Multiple imputation via reimpute¶
The reimpute stage implements bootstrap-then-impute: one imputation per
bootstrap replicate, with the imputer re-fit from scratch each time. This
injects imputation-model parameter uncertainty into the bootstrap
distribution, producing valid confidence intervals without a Rubin combinator.
When to use this¶
Your data has missing values that you do not want to listwise-delete.
You have a runnable imputer (a Python callable that takes a DataFrame and returns an imputed DataFrame). Frozen, pre-computed imputed frames are not supported — the stage must be able to re-impute a resampled draw.
You are willing to use bootstrap inference (
method="bootstrap").reimputeis invalid under delta-method or simulation inference.
Quick example¶
import numpy as np
import pandas as pd
import statsmodels.formula.api as smf
from sklearn.experimental import enable_iterative_imputer
from sklearn.impute import IterativeImputer
from pymargins import Margins, reimpute
# 1. Build data with MAR missingness
rng = np.random.default_rng(42)
n = 400
df = pd.DataFrame({
"x1": rng.normal(size=n),
"x2": rng.normal(size=n),
})
df["y"] = 1.0 + 0.6 * df["x1"] - 0.4 * df["x2"] + rng.normal(scale=0.5, size=n)
missing = rng.uniform(size=n) < 0.25
df_nan = df.copy()
df_nan.loc[missing, "x1"] = np.nan
# 2. Fit the model on a single initial imputation
# (the point estimate comes from this fit)
df_init = df_nan.fillna(df_nan.mean())
fit = smf.ols("y ~ x1 + x2", data=df_init).fit()
# 3. Wrap the imputer so it returns a DataFrame
imp = IterativeImputer(max_iter=10, random_state=0, sample_posterior=True)
def imputer(frame):
arr = imp.fit_transform(frame)
return pd.DataFrame(arr, columns=frame.columns)

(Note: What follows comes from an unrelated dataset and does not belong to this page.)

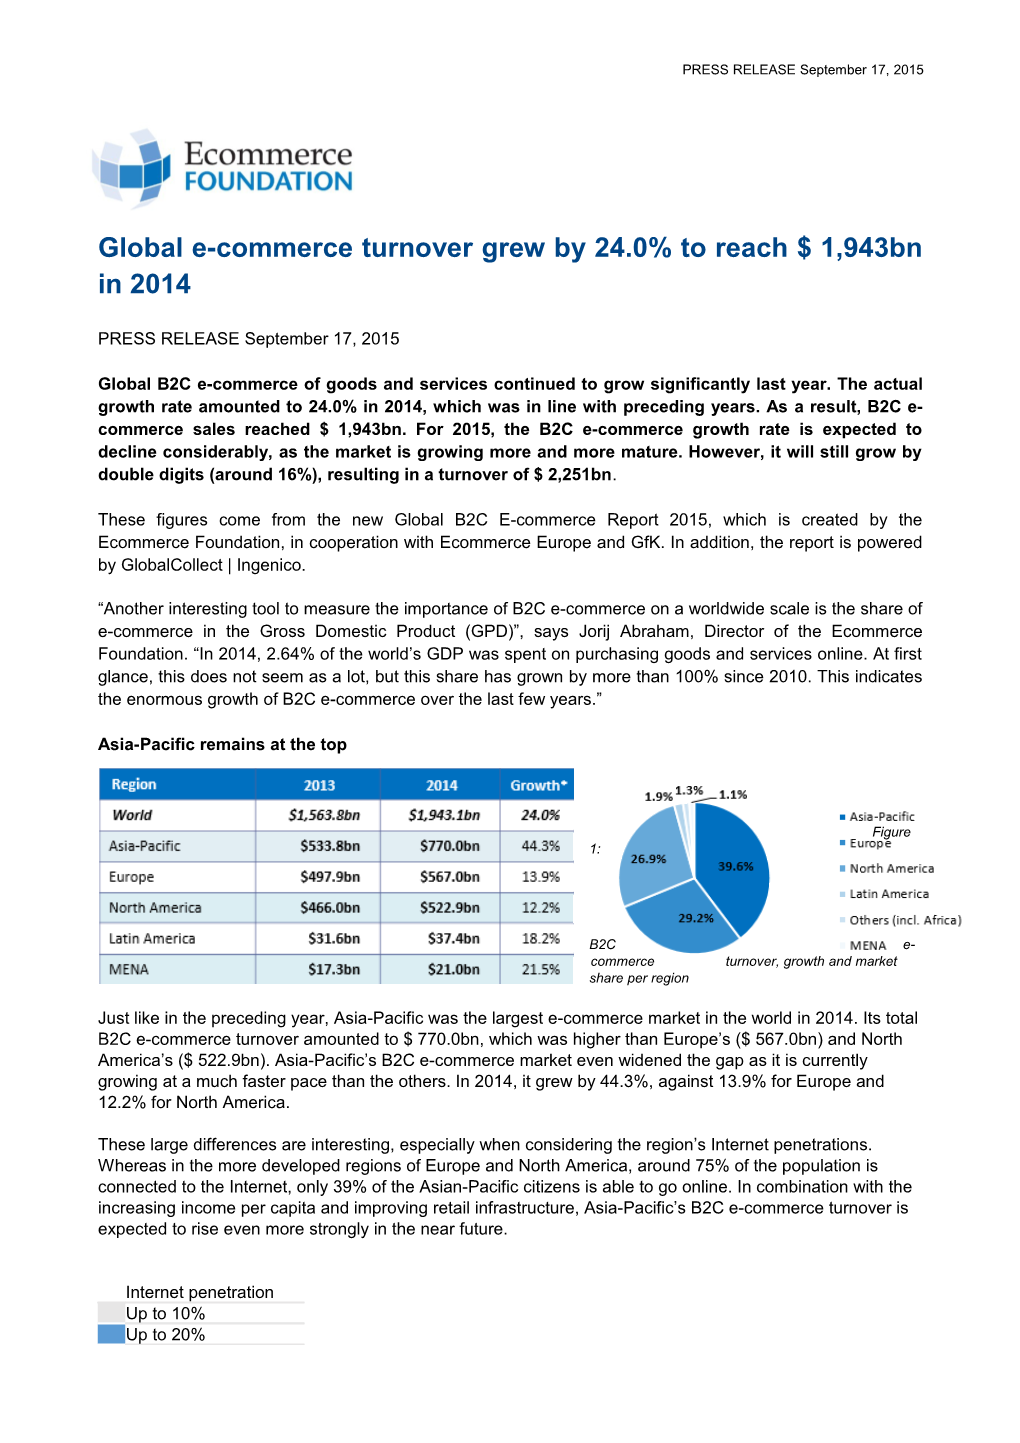 Globale-Commerce Turnover Grew by 24.0% to Reach $1,943Bn in 2014

# 4. Run bootstrap-then-impute
m = Margins(
fit,
transforms=[reimpute(imputer, incomplete=df_nan)],
method="bootstrap",
n_boot=1000,
rng_seed=7,
)
r = m.predict(atexog={"x1": 0, "x2": 0})
Key rules¶
1. The imputer must be stochastic¶
A deterministic imputer (e.g. SimpleImputer(strategy="mean") or
IterativeImputer(sample_posterior=False)) fills the conditional mean with
no residual draw. The bootstrap still re-fits each replicate, so the filled
values track each resample’s mean, but the missing residual variance means
your CIs will be too narrow.
reimpute runs a cheap construction-time guard: it calls the imputer twice
on the same small sample, and if the output is byte-identical it warns you.
You can suppress this with warn_on_deterministic=False.
2. Seed the imputer for reproducibility¶
The session rng_seed controls the bootstrap resample indices, but it does
not automatically seed your imputer. For reproducible draws you must set
random_state on the imputer object itself:
imp = IterativeImputer(random_state=42, sample_posterior=True)
If the imputer exposes random_state=None, reimpute warns at
construction.
Important: create a fresh imputer object for each Margins session.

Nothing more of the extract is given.